Мои слова могут показаться кому-нибудь теперь восторженно преувеличенными и фантастическими. Пусть, но я не раскаиваюсь, что я их высказал. Этому должно было быть высказанным. Я же сам твердо верю в правду мною высказанного.
Байрон. 1-й период. Говорят о каких-то подражаниях.
NB. "Цыганы"
Разве бывают с такой страстною духовною силою подражатели? В "Цыганах", например, поэме, бесспорно относящейся к первому периоду деятельности Пушкина.
Одно написано раньше, другое позже.
Навеки (?) оторвавшись от почвы, он не знает и не понимает никакой жизни.
Он не у себя, он не дома, он не знает, что ему делать [на своей ниве], и чувствует себя у себя же самого чужим, там, в тех счастливых, по его мнению, странах, где жизнь, кажется ему, кипит горячим стремительным ключом, полна, самостоятельна. Правда[237], он болен уже и вечным идеалом. Это тот же Алеко, искавший идеала, — правда, и он любит родную землю, но родной правде он не доверяет, верит в невозможность работы на родной ниве, а на верующих в эту возможность глядит с грустной насмешкой. Не такова Татьяна: У той инстинкт.

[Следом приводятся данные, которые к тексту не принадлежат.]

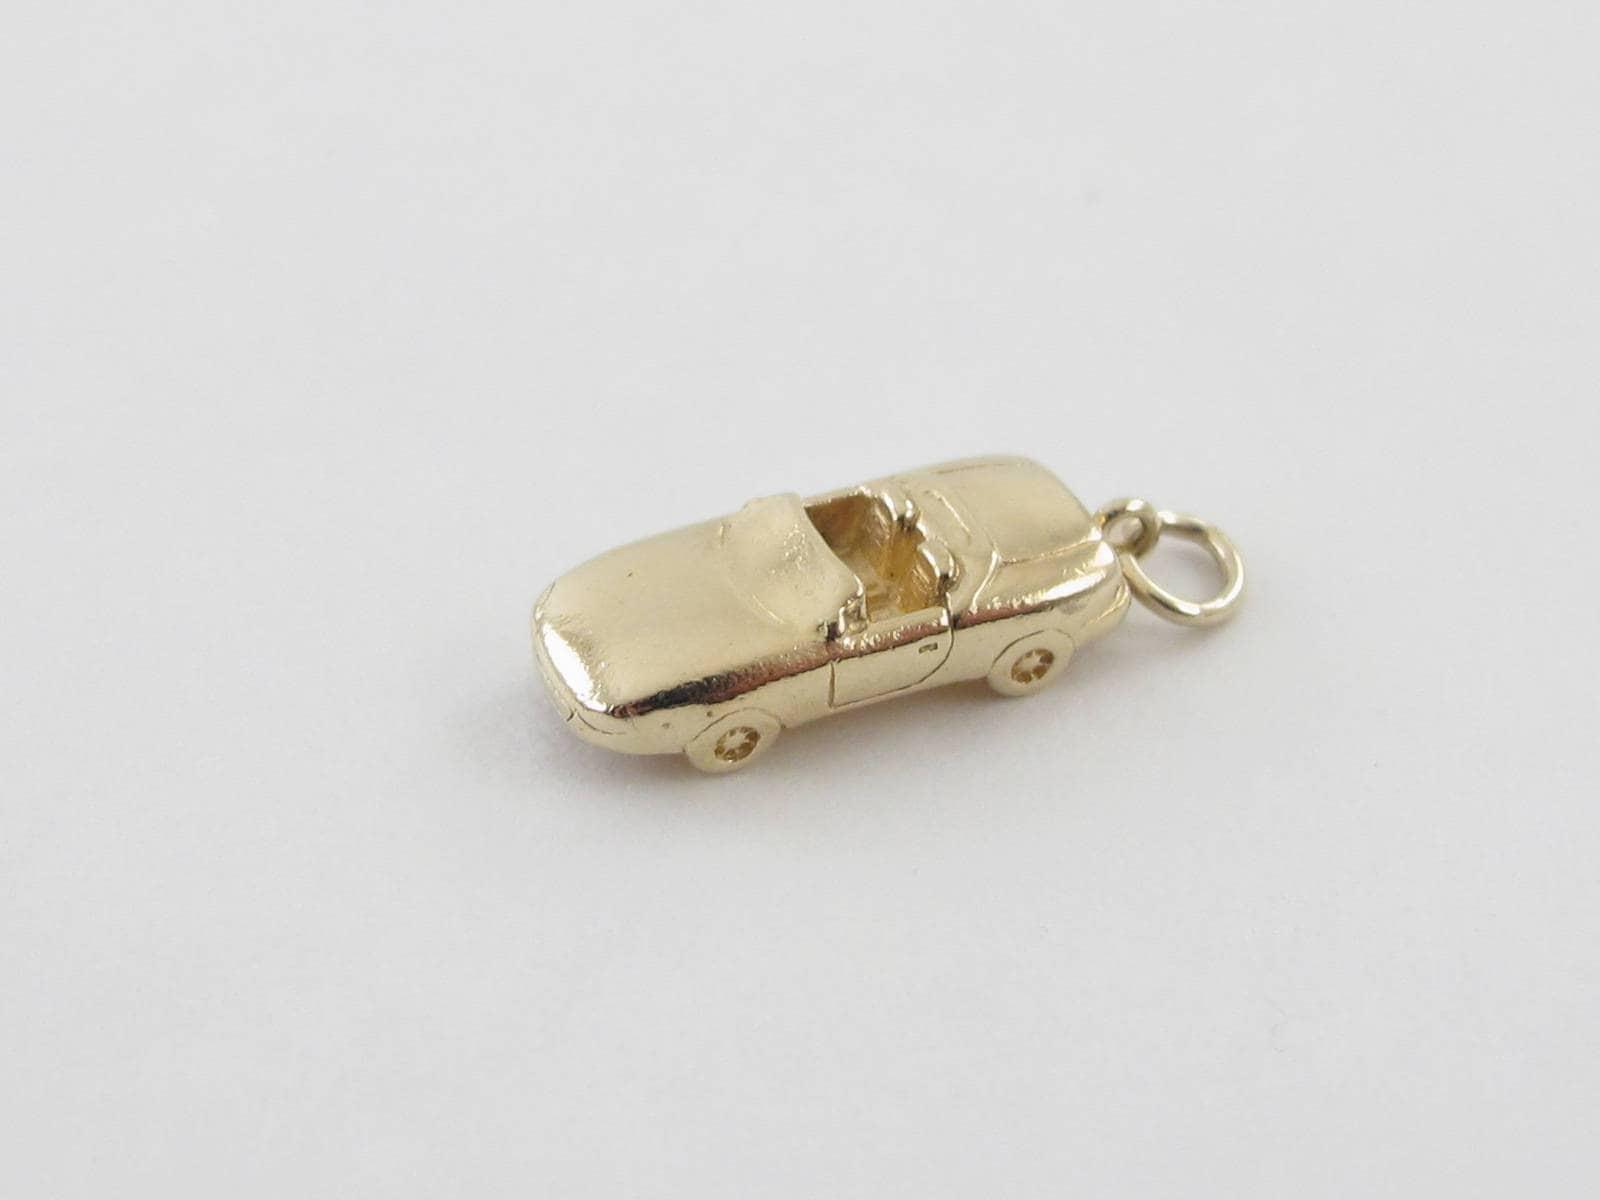 14k jaune or Vintage Vintage or pendentif Charm voiture - 14k or jaune Automobile charme f88db1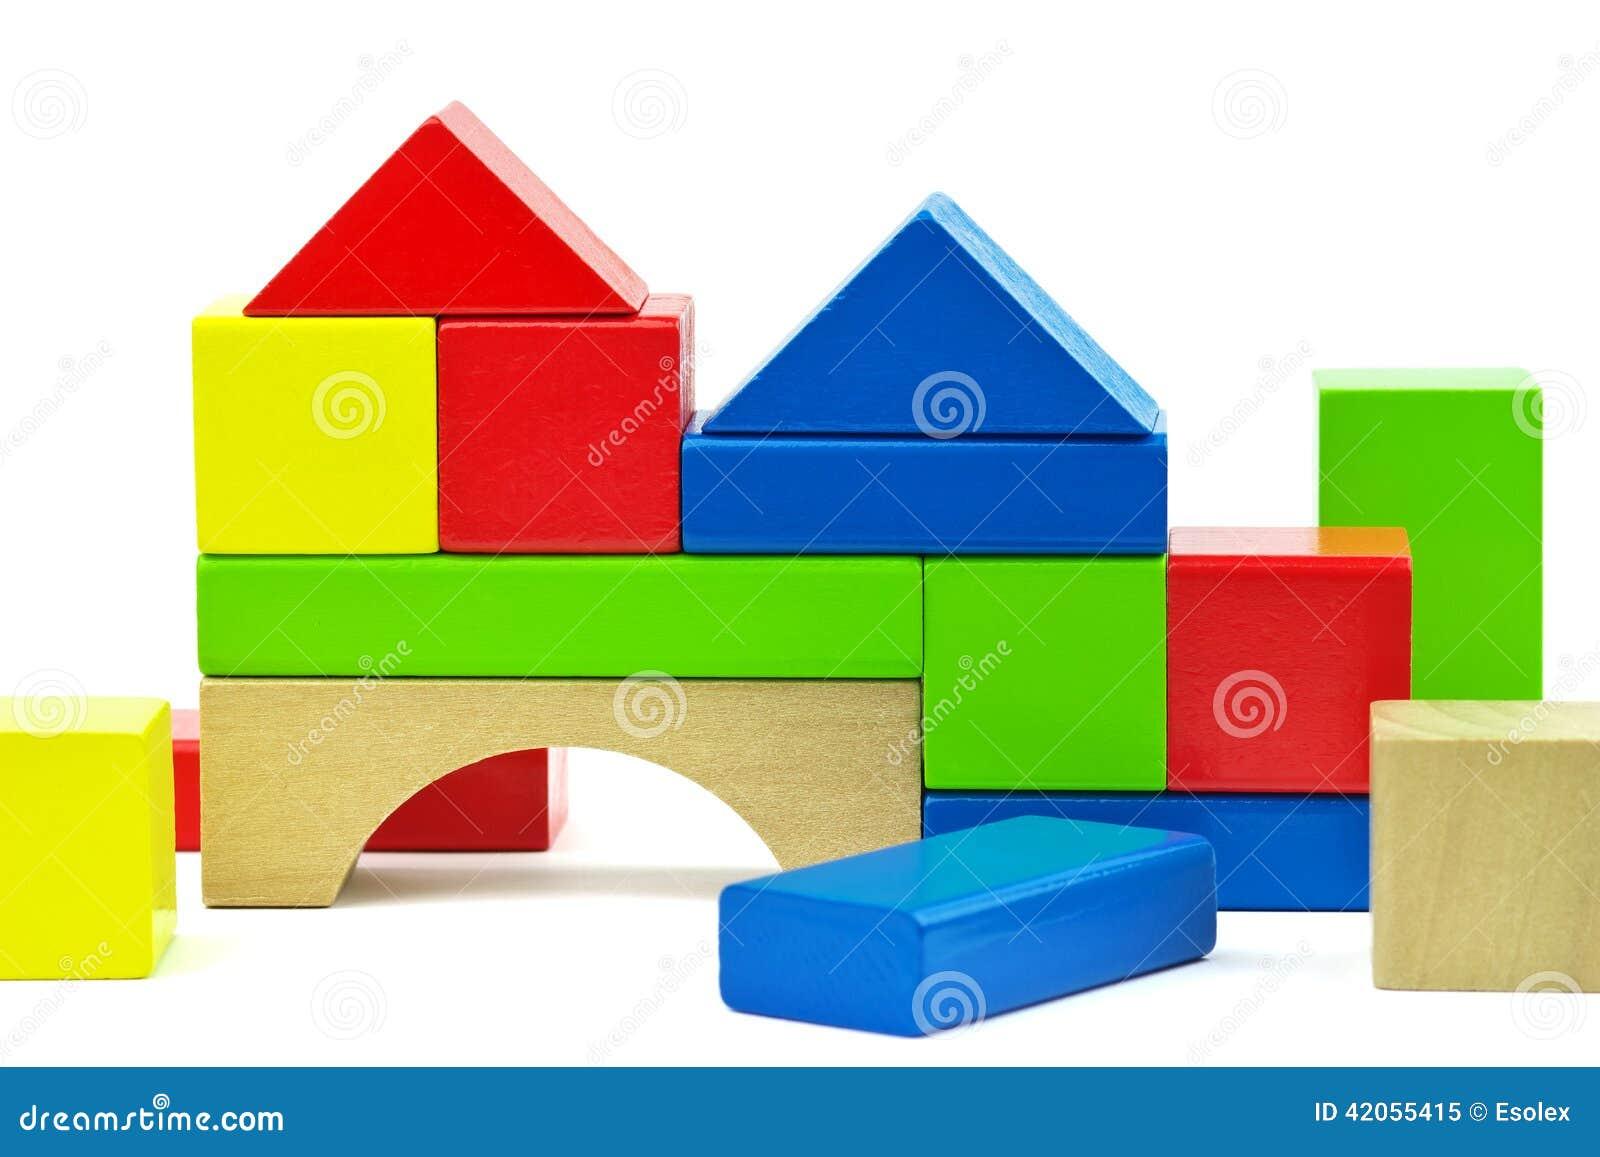 House Building Blocks Toy Videos

У ней и крест и тень ветвей[238].Светская повесть "Пиковая дама"[239].
Ведь он забыл ее совершенно и видя ее в светлом величии…
Но манера глядеть свысока заставила его не узнать[240] Татьяну, что не "нравственный эмбрион"[241] она только. Правда, мешала и светская манера, фатство, рабство и лакейство души перед авторитетом. Явись Чайльд Гарольд[242] оттудова, из своего места[243] и влюбись в маленькую девочку Татьяну, покажи ей уважение, и Онегин тотчас же был бы поражен[244] и удивлен, конечно, на время, ибо никакая Татьяна не наполнила бы проклятую беспредметную тоску его — тотчас же бы оценил высоко прелестную девушку и на время возвел бы ее в свой идеал. Но этого не случилось, там все Зарецкие и Ленские, которых он презирает откровеннейшим образом. Он отделался фатской проповедью, хотя и показал себя честным человеком.